The historian A. Roger Ekirch’s book At Day’s Close: Night in Times Past provides a fascinating window into our ancestors’ world. The book provides insight into everything from the nocturnal dangers they faced, such as the threats of crime and fire, to their deeply uncomfortable sleeping arrangements.

It is easy to romanticize preindustrial sleep: Surely before modern vehicular traffic, nighttime was a quiet respite, and without the blue light of smartphone screens to stimulate their brains, our ancestors were able to sink into a deep, restful state of sleep each night. “Implicit in modern conceptions of sleep before the Industrial Revolution remains the wistful belief that our forebears enjoyed tranquil slumber, if often little else, in their meager lives.” Sadly, that was not the case. Before earplugs, neck pillows, white noise machines, ergonomic mattress designs, and other modern bedtime amenities, restful slumber was often evasive. Notwithstanding idyllic stereotypes of repose in simpler times, early modern slumber was highly vulnerable to intermittent disruption, much morе so, in all likelihood, than is sleep today.” In 1657, the British writer and Anglican priest George Herbert wrote that “manie [many people] worke hard all day, and when night comes, their paines increase, for want of food or rest.”

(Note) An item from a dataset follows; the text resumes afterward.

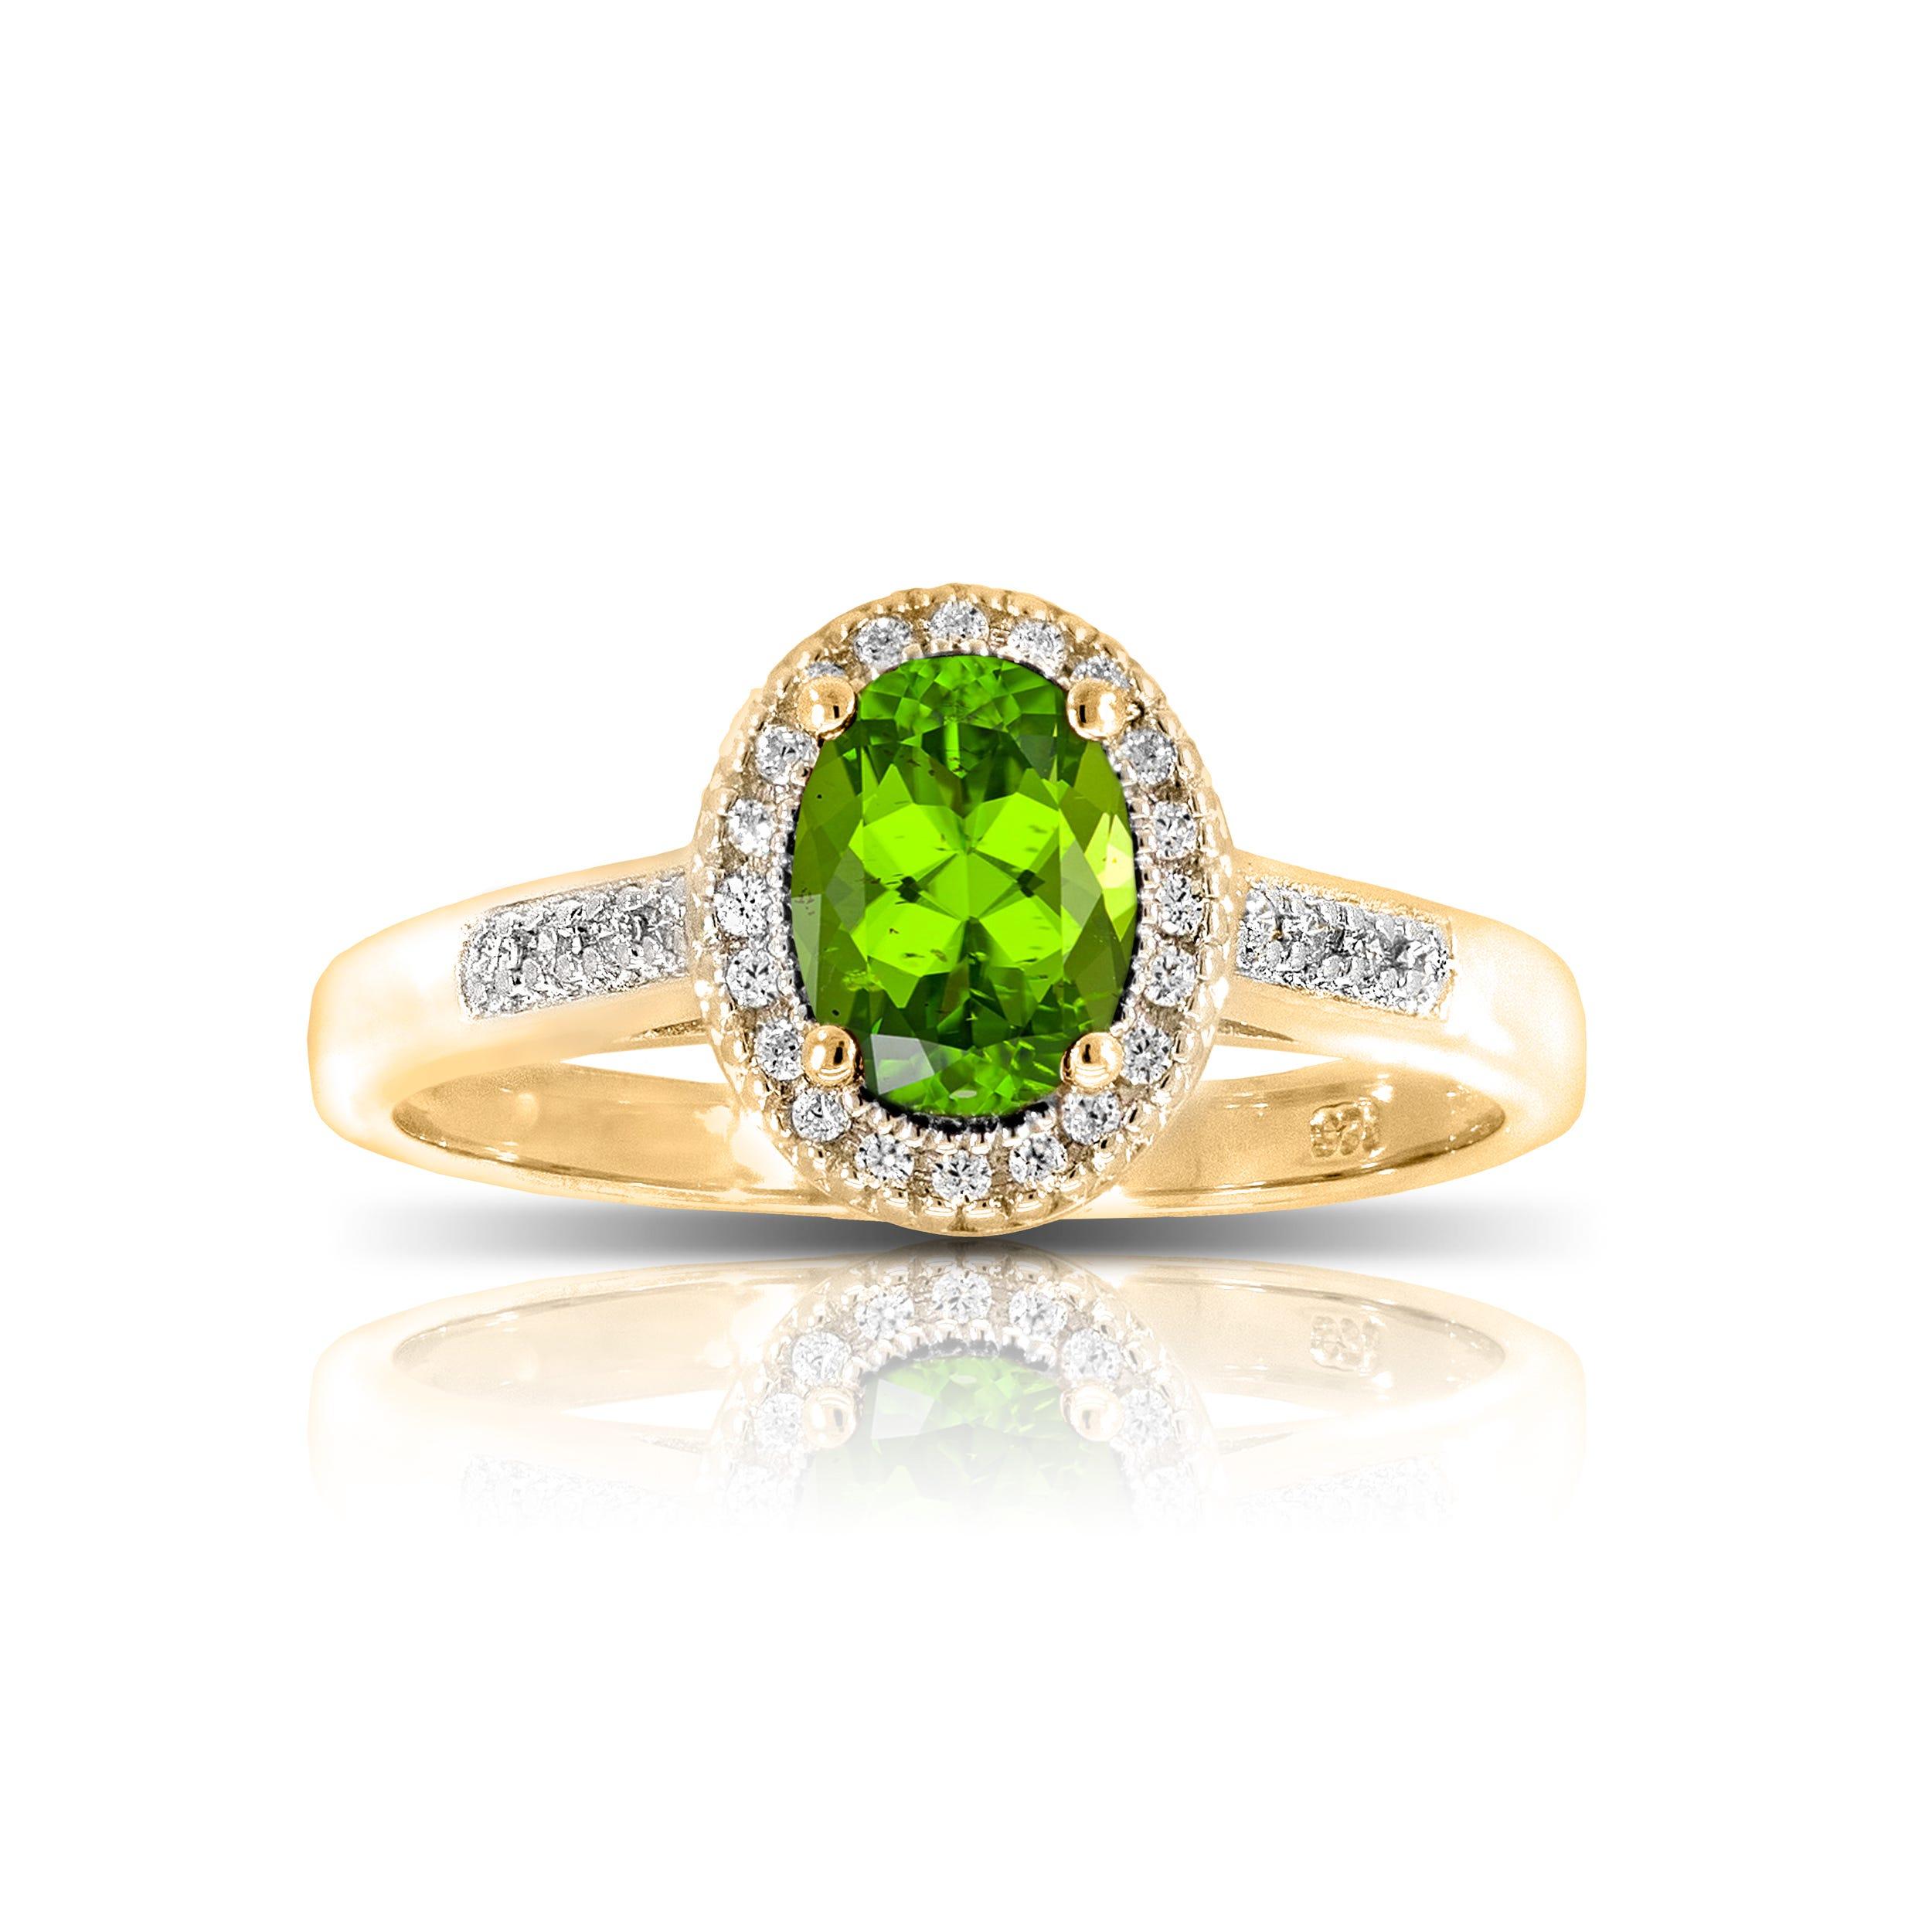 Peridot & Diamond Oval Ring in 10k Yellow Gold

Most preindustrial people suffered from very high levels of stress, making it difficult to relax and sleep soundly. The 17th-century healer Richard Napier recorded over several decades that some 20 percent of his patients suffered from insomnia. “Popular dread of demons kept some persons awake,” while fears of all-too-real nocturnal dangers, such as thieves, made many sleep with a weapon within reach. People also dreaded nightmares, genuinely believing them to be potentially lethal attacks by evil spirits or witches; in 1730, a guide noted that “many a life has been lost by the night-mare.” In 1621, the physician Robert Burton described a common symptom of melancholia (roughly analogous to the modern concepts of anxiety and depression) as “waking, by reason of their continual cares, fears, [and] sorrows.” All social classes suffered nighttime disturbances due to poor mental health. “If, as early writers contended, the affluent suffered broken sleep because of mental stress, diverse psychological disorders, not least depression, afflicted the lower classes.” Of the urban poor in the early modern era, one observer noted, “They sleep, but they feel their sleep interrupted by the cold, the filth, the screams and infants’ cries, and by a thousand other anxieties.”

“Making matters worse were the narrow lanes separating early modern dwellings, with their thin walls, revealing cracks, and naked windows. Not until the eighteenth century did curtains adorn many urban portals, while in the countryside they remained a rarity.”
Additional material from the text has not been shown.